When screenwriter Buck Henry wrote these words, he was offering a metaphor for the shallow, venal future that Ben could look forward to as he worked his way through the traditional middle class career ladder that stretched out before him.

If this movie was remade in 2009, the single word of advice might have a very different and more literal meaning. Our society is overwhelmed with plastic. And our future is not defined by a clever metaphor, but by the reality that the billions of tons of plastic generated by our consumer culture may be our undoing.
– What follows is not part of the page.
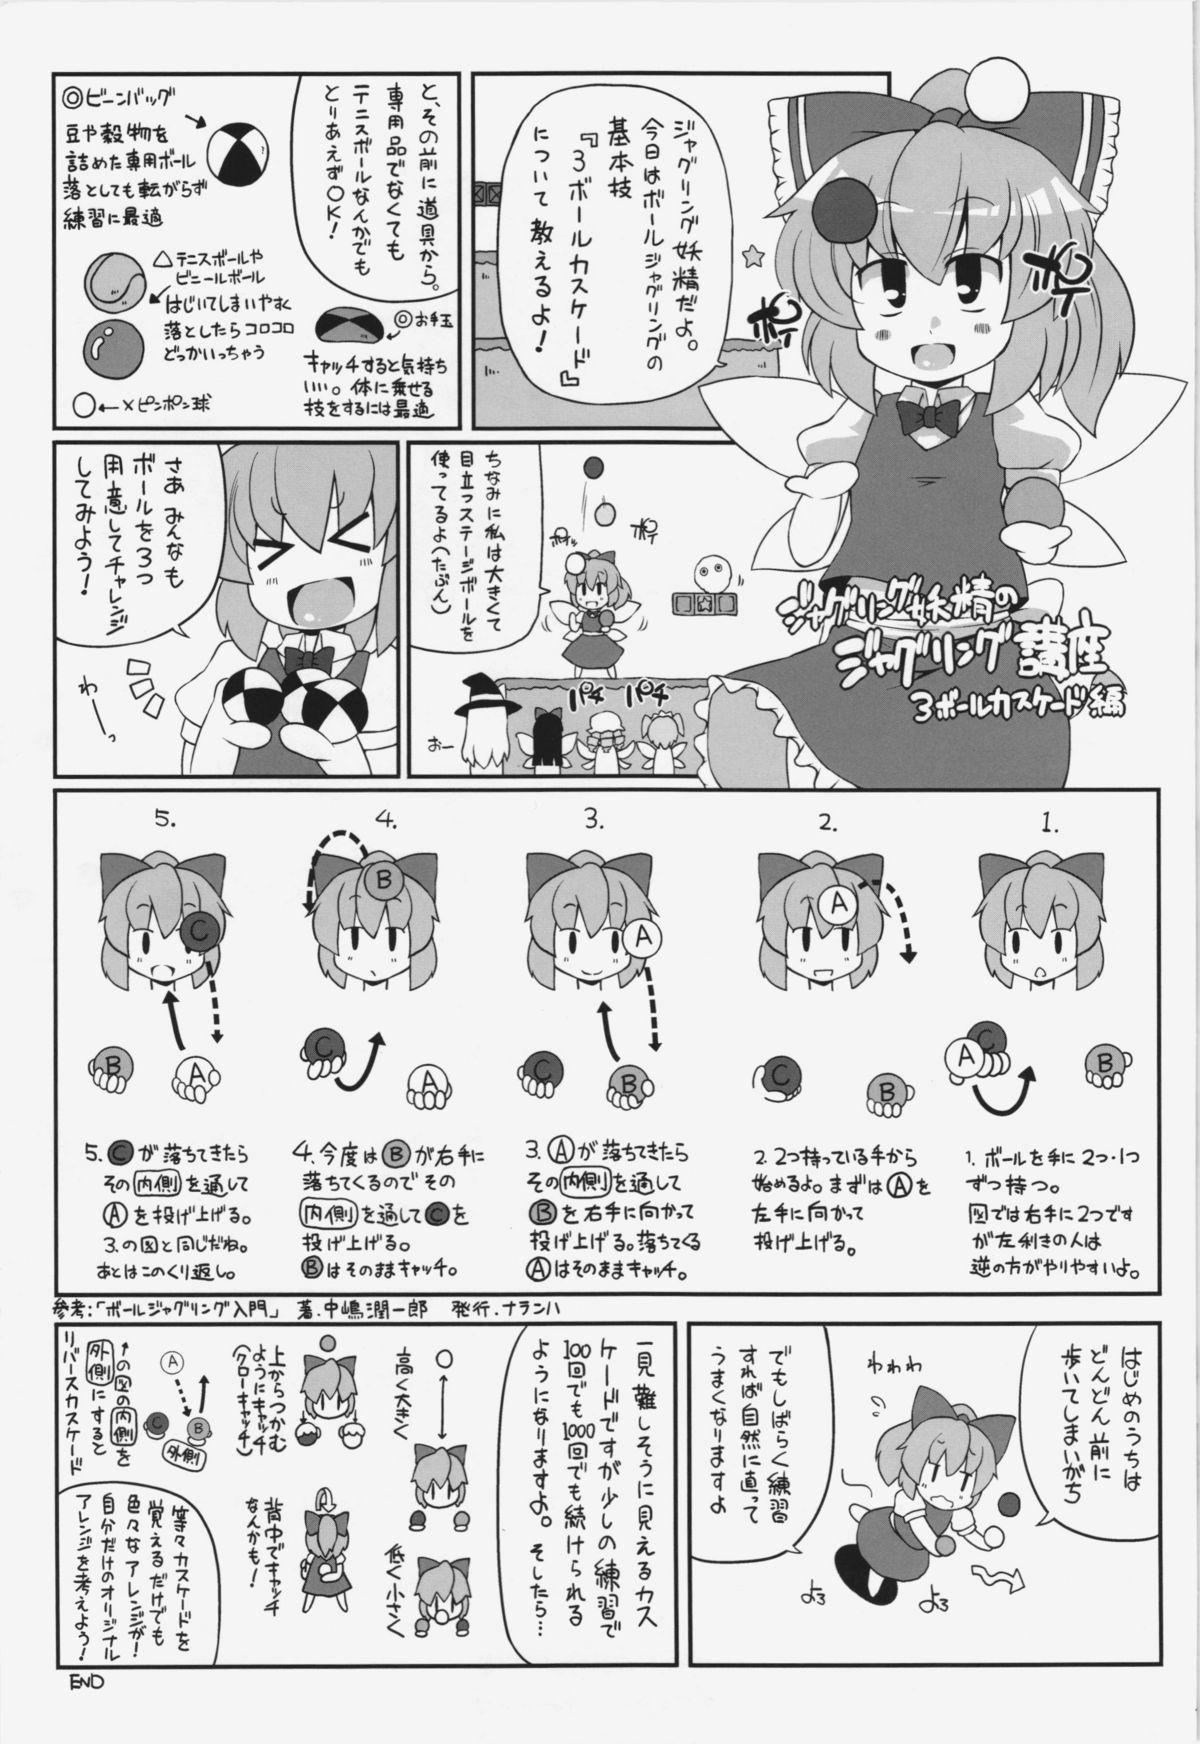 Ketsu darake Touhou Soushuuhen + 136

Think about city dogs. Most of our population lives in urban centers. Many of the city dwellers have dogs. They take their dogs for a walk a couple of times a day. Most cities have an ordinance that requires dog owners to clean up their animals waste. Most dog owners carry a plastic bag with them to scoop up their dog's daily production of feces. The dog feces is carefully encased in a plastic bag and thrown into the trash. The small amount of organic material that the dog produces has now been accorded the status of King Tut. It will be preserved in perpetuity in a non-biodegradable vessel that will spend centuries in a land fill or will eventually be washed out to sea where a turtle or a dolphin or another form of sea life can ingest it and die. Millions of plastic bags every day, for years. The scale of this completely ridiculous practice is astounding.
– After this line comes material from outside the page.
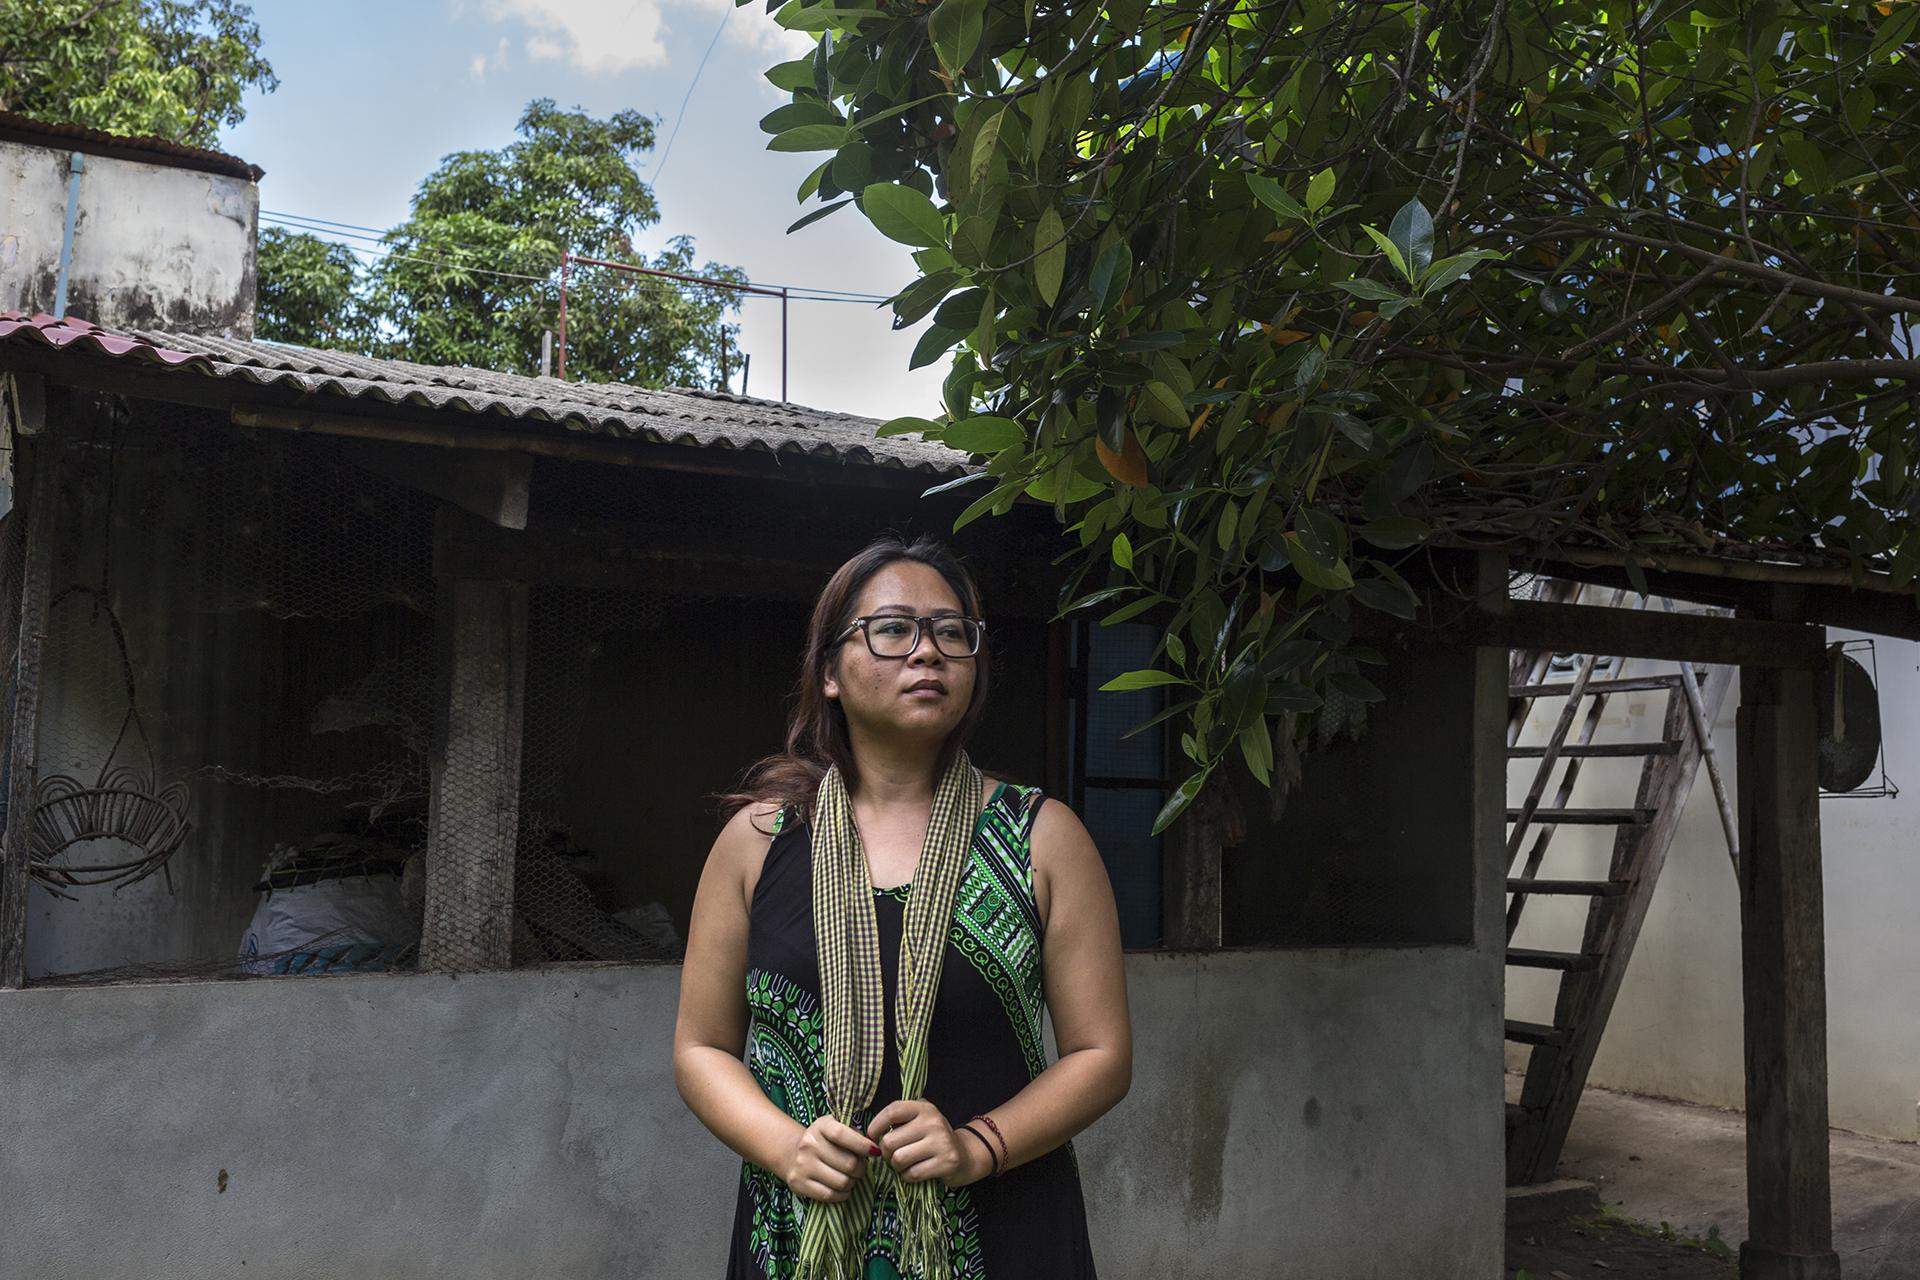 """Juin 2016. Sophéa dans la cour de la famille qui l'a accueillie dans la province de Kampong Chhnang. Arrivée à Kampong Chhnangn choquée mais pas abattue Sophéa a du réorganiser sa vie. Elle a du apprendre à parler Khmer car personne ne parlait anglais. """"C'était une leçon d'humilité parce que là-bas les gens faisaient tout à la main et ils travaillaient dur. Les gens se levaient à 5h du matin et se couchaient à 20h, avec le soleil"""".Sa famille au Cambodge pensait qu'elle sortait tout juste de prison et qu'elle risquait à nouveau de commettre des délis. Ils voulaient la garder 2 ans à la campagne mais Sophéa  s'est donnée 6 mois, car elle voulait retrouver son indépendante. Elle voulait connaître la vie à Phnom-Penh et trouver du travail. Sa mère lui a envoyé un ordinateur portable ce qui lui a permis de reprendre contact avec sa famille aux Etats-Unis et aussi de rencontrer de nouvelles personnes au Cambodge via les réseaux sociaux."""

Millions of times every day, someone buys a soft drink at a fast food restaurant. Or they stop at a convenience store for a gigantic soft drink. Or they order iced tea in a restaurant. In all of these instances and millions more every day, a plastic drinking straw is used for a few minutes and then sent to a landfill. Many of them make their way into our water systems, both natural and human engineered. Millions upon millions of straws every day. Millions of barrels of oil devoted to their manufacture. And the presence of plastic straws in the waste stream is staggering.
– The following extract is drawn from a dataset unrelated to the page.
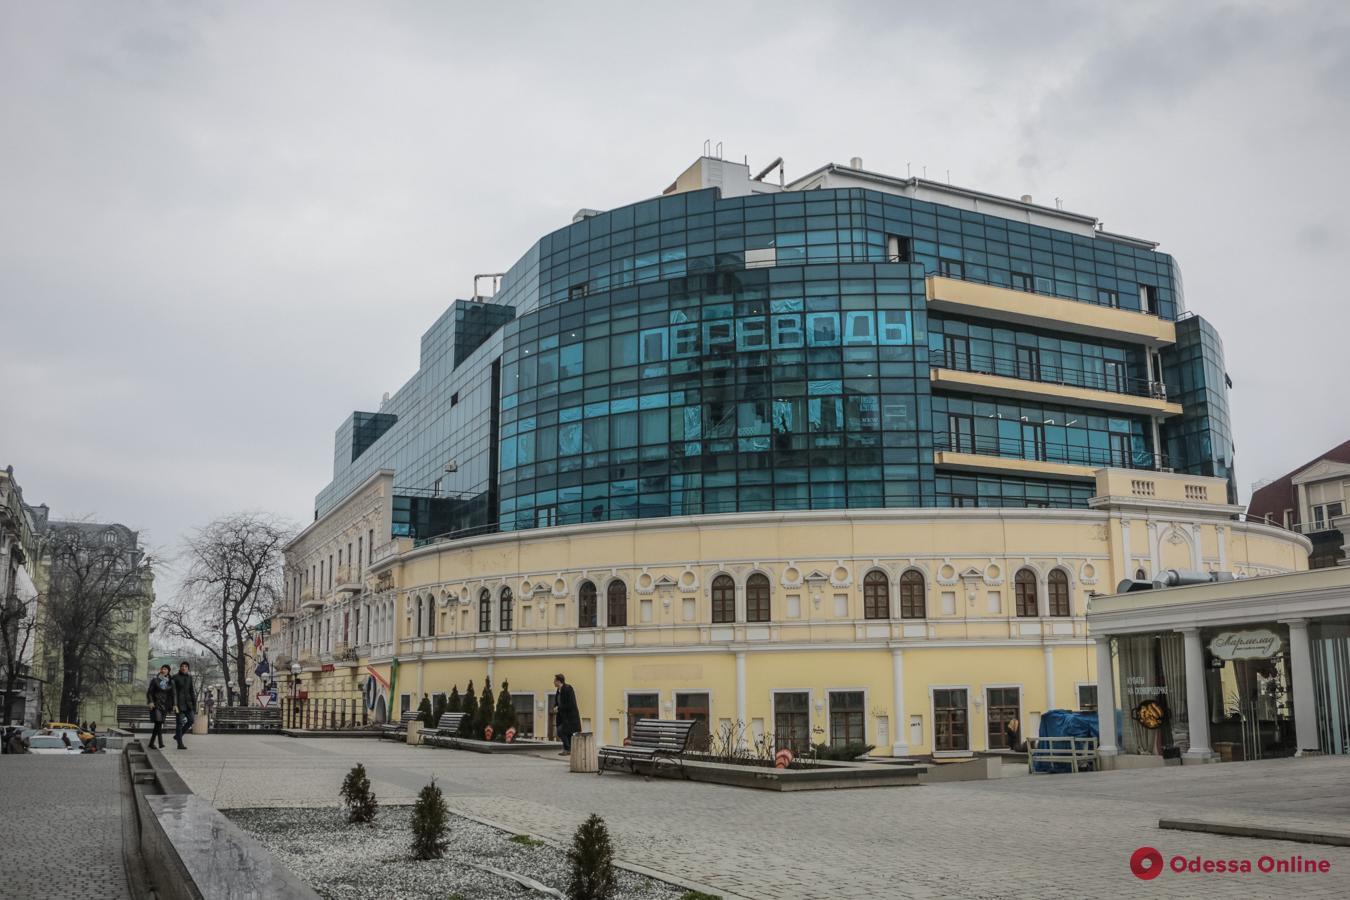 Четвертое за вечер: полиция ищет взрывчатку в ТЦ «Галерея Афины»

In both examples we are talking about a lavish use of a limited resource used and discarded in the most casual way with devastating effects on the environment. But both of these things, and thousands of other daily uses of plastic, are as ordinary as getting a glass of water or kissing your children goodnight. And unlike drinking water or love for children, they are 100 percent unnecessary. Recycled paper drinking straws would be a simple solution if only fast food restaurants and convenience stores created the market for them. Bans on plastic bags such as the one adopted in San Francisco, would force dog owners to find some other way of dealing with waste. The market for compostable doggie waste bags would take off.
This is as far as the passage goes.